Goal of the exercise - Return each line of the data below exactly, omitting any pictures.

Collected data -

..............................

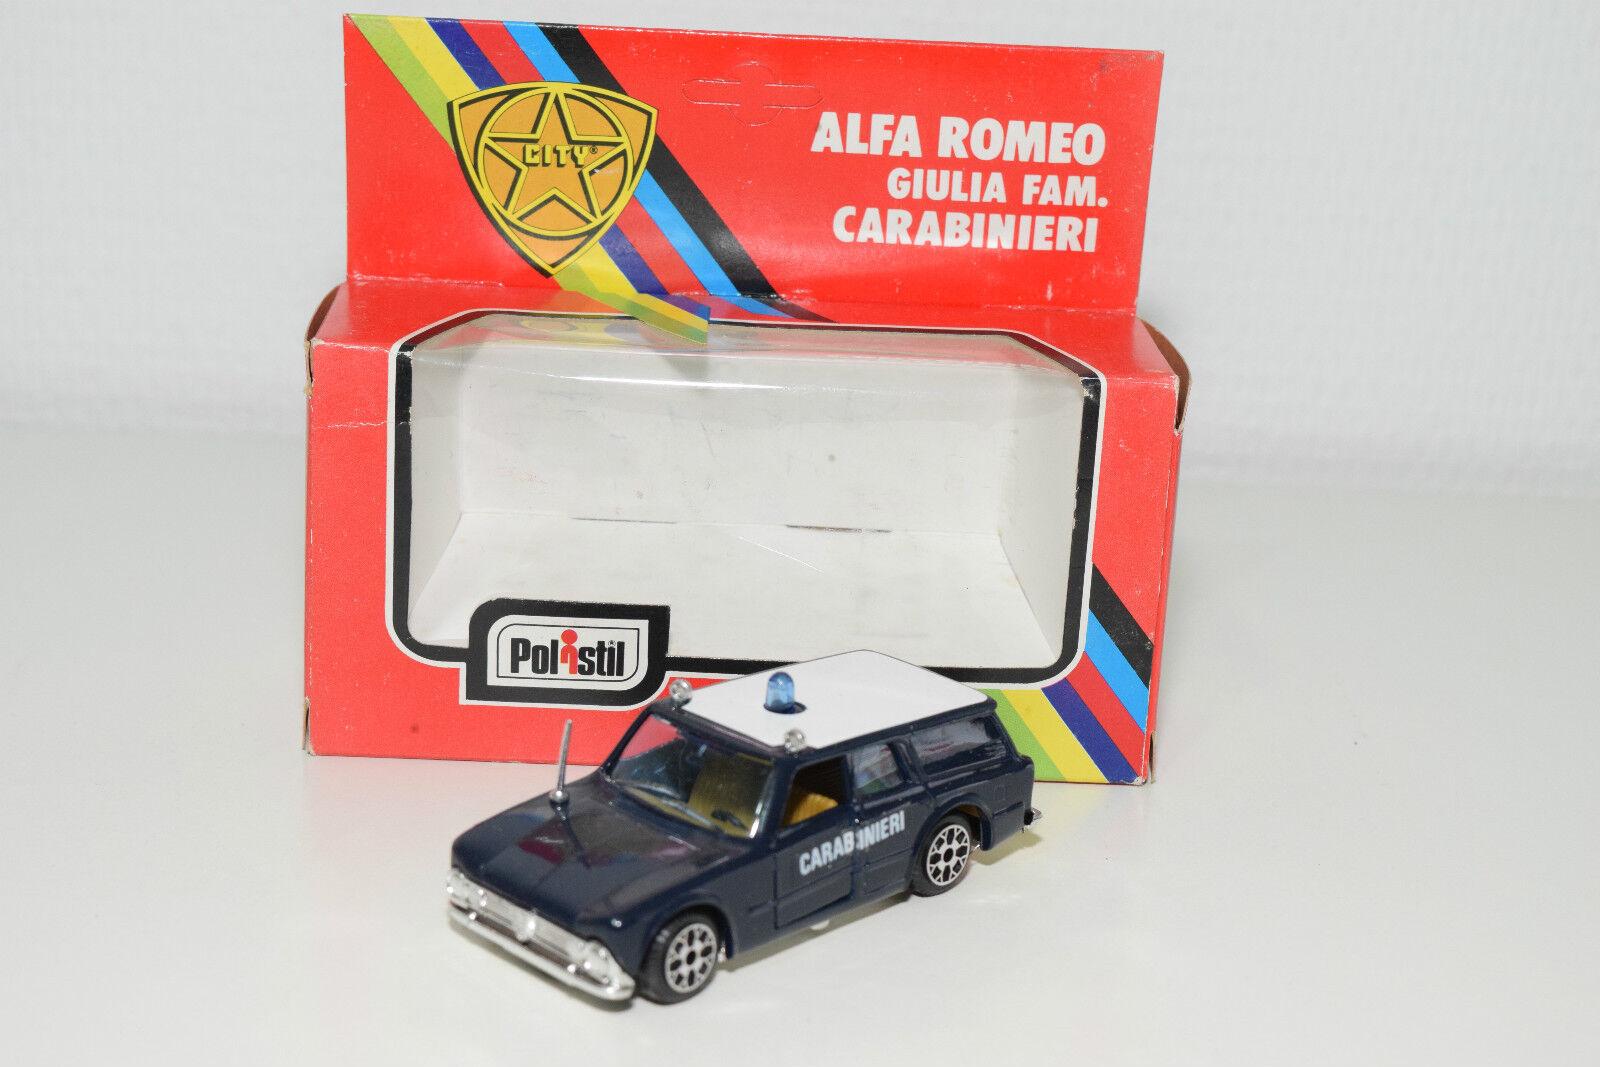 POLISTIL CE15 CE 15 CE-15 ALFA ROMEO  GIULIA FAM. voitureABINIERI MINT BOXED RARE  magasiner en ligne aujourd'hui
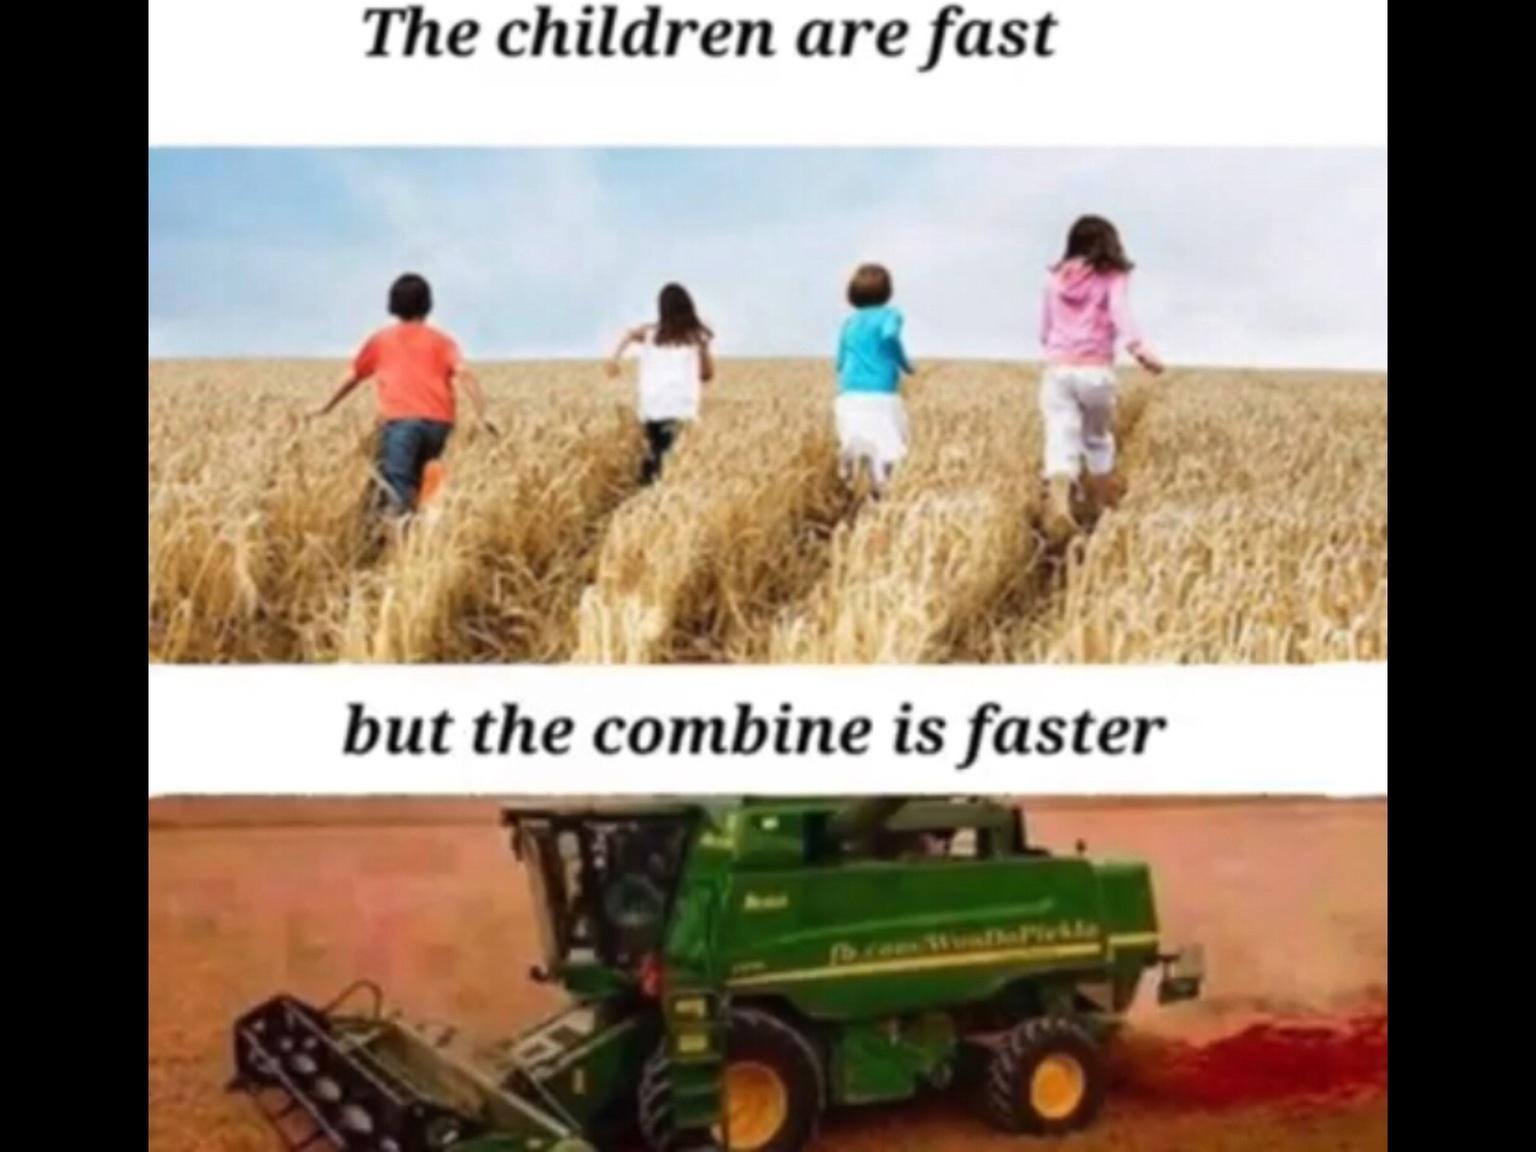 Can't run - meme
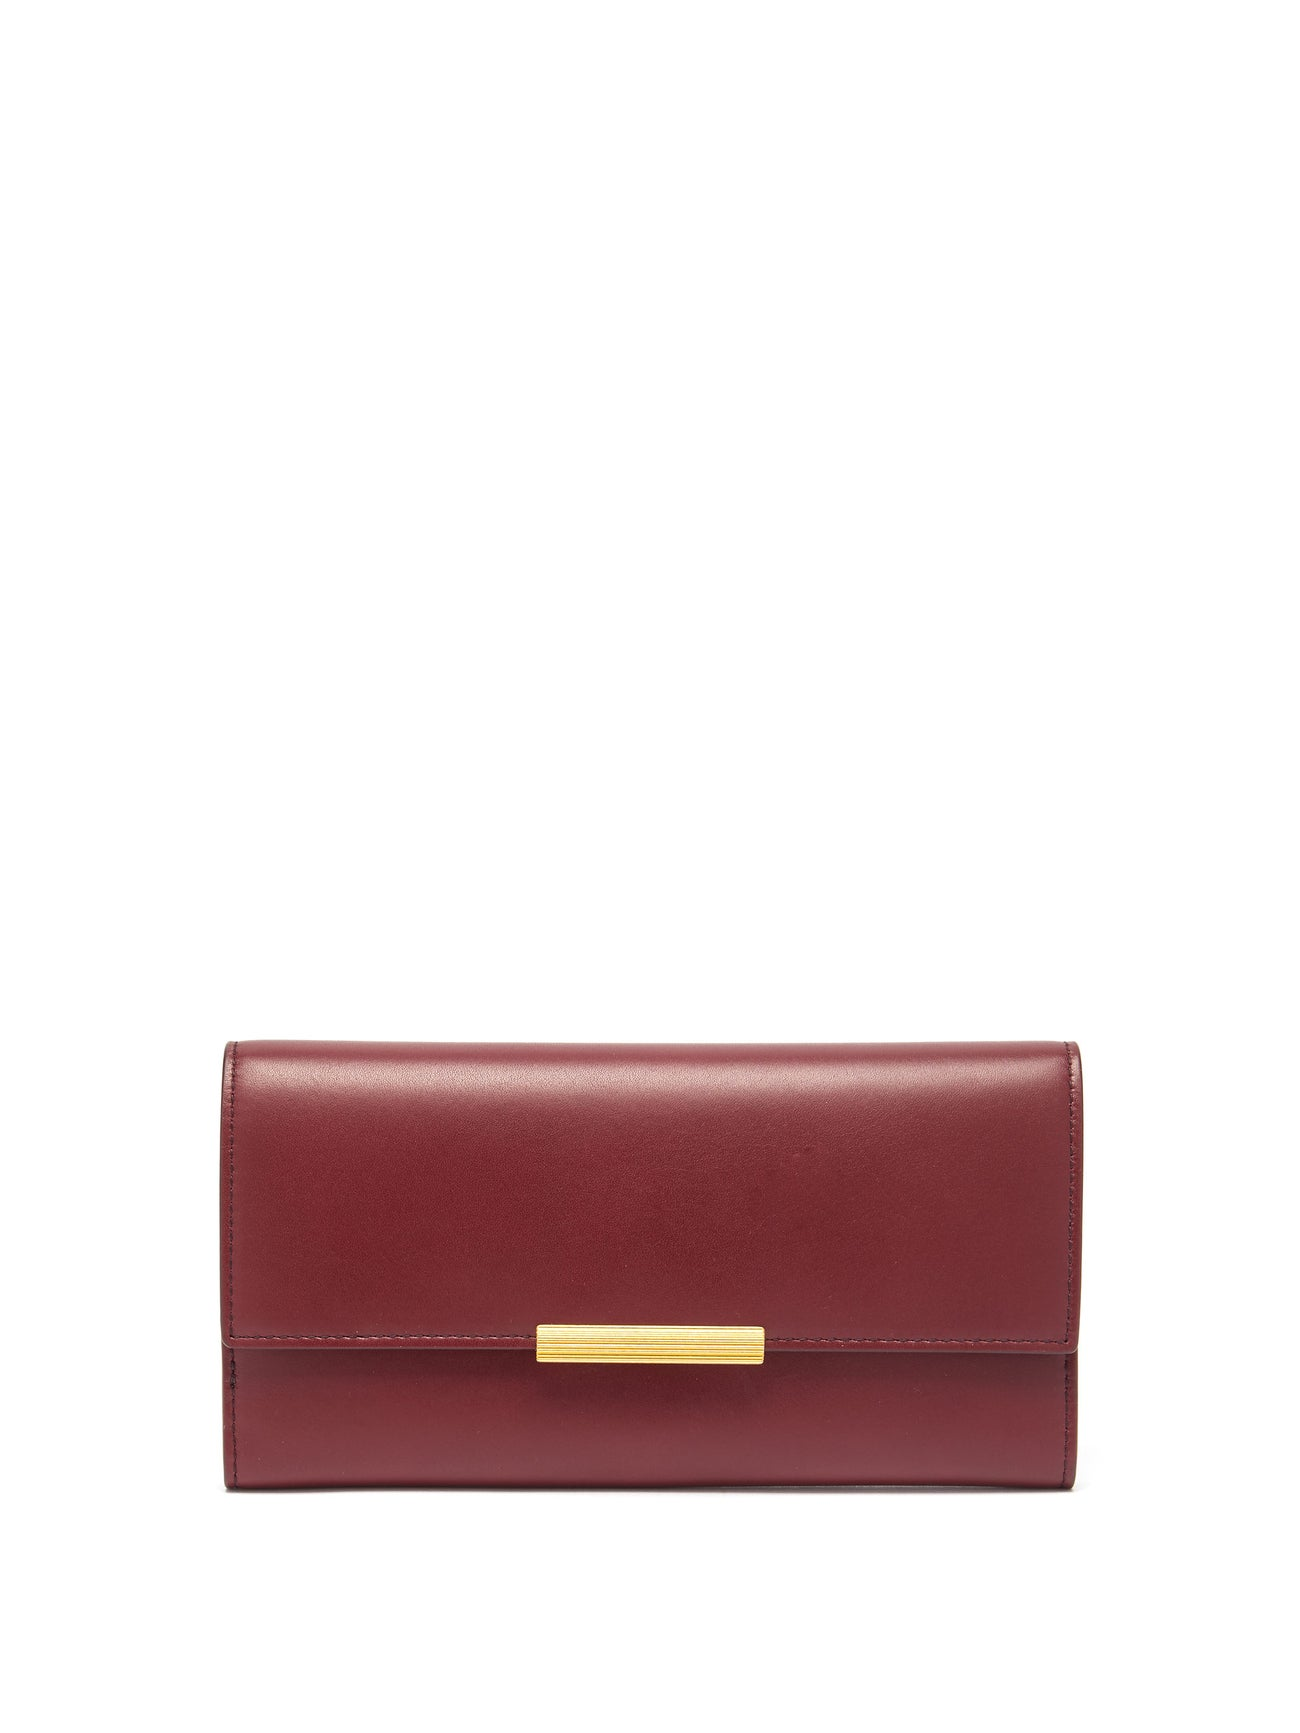 Bottega Veneta Continental Leather Wallet 1309лв
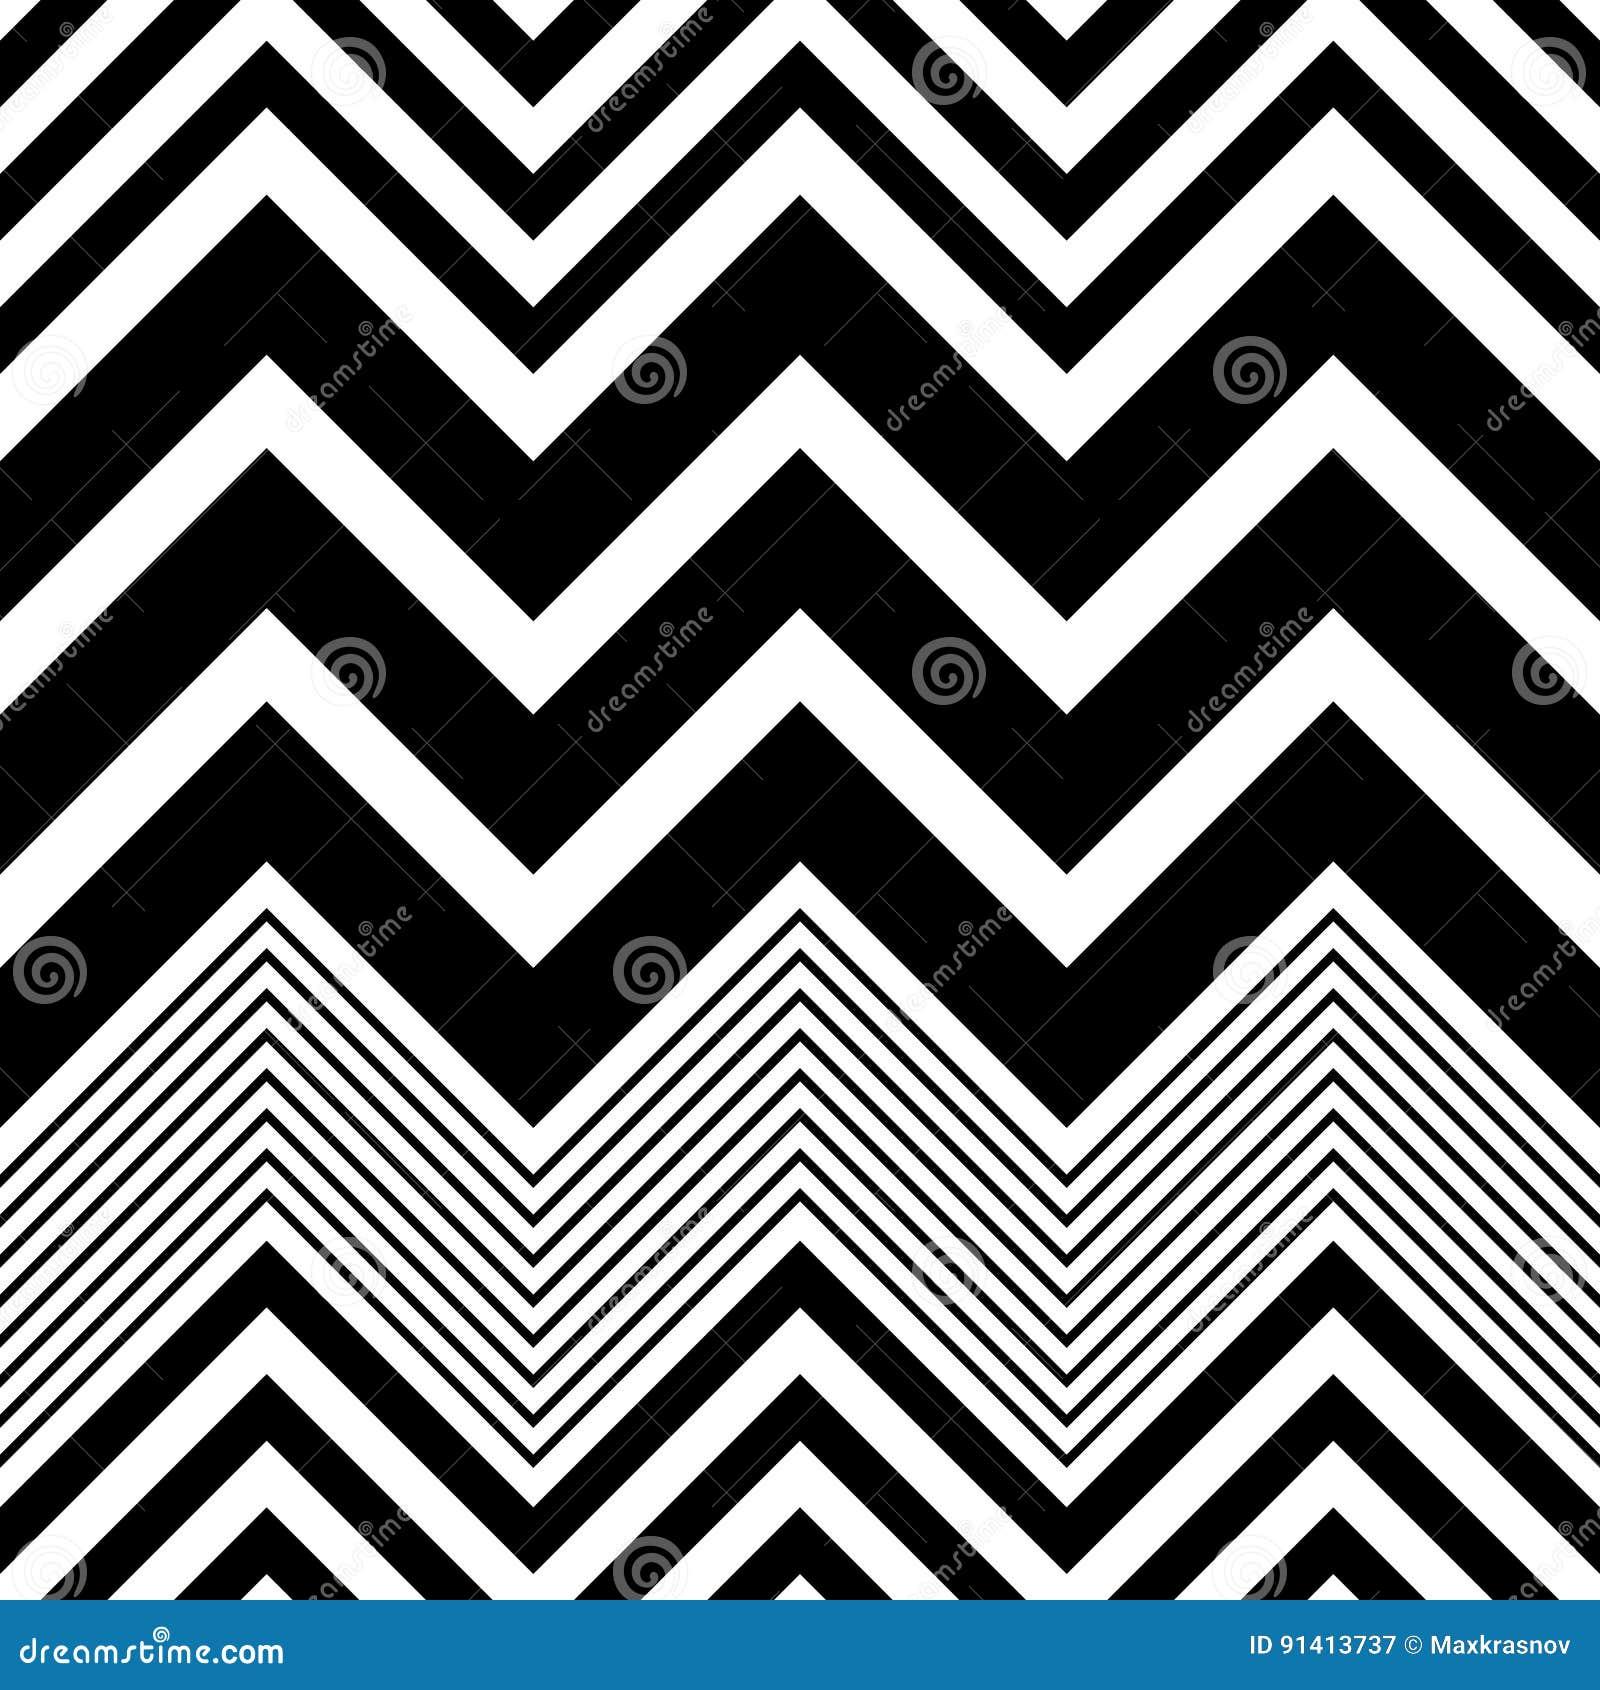 Minimalist Black And White Geometric Wallpaper Homecid

..............................

Response for this exercise -
 POLISTIL CE15 CE 15 CE-15 ALFA ROMEO  GIULIA FAM. voitureABINIERI MINT BOXED RARE  magasiner en ligne aujourd'hui
 Can't run - meme
 Bottega Veneta Continental Leather Wallet 1309лв
 Minimalist Black And White Geometric Wallpaper Homecid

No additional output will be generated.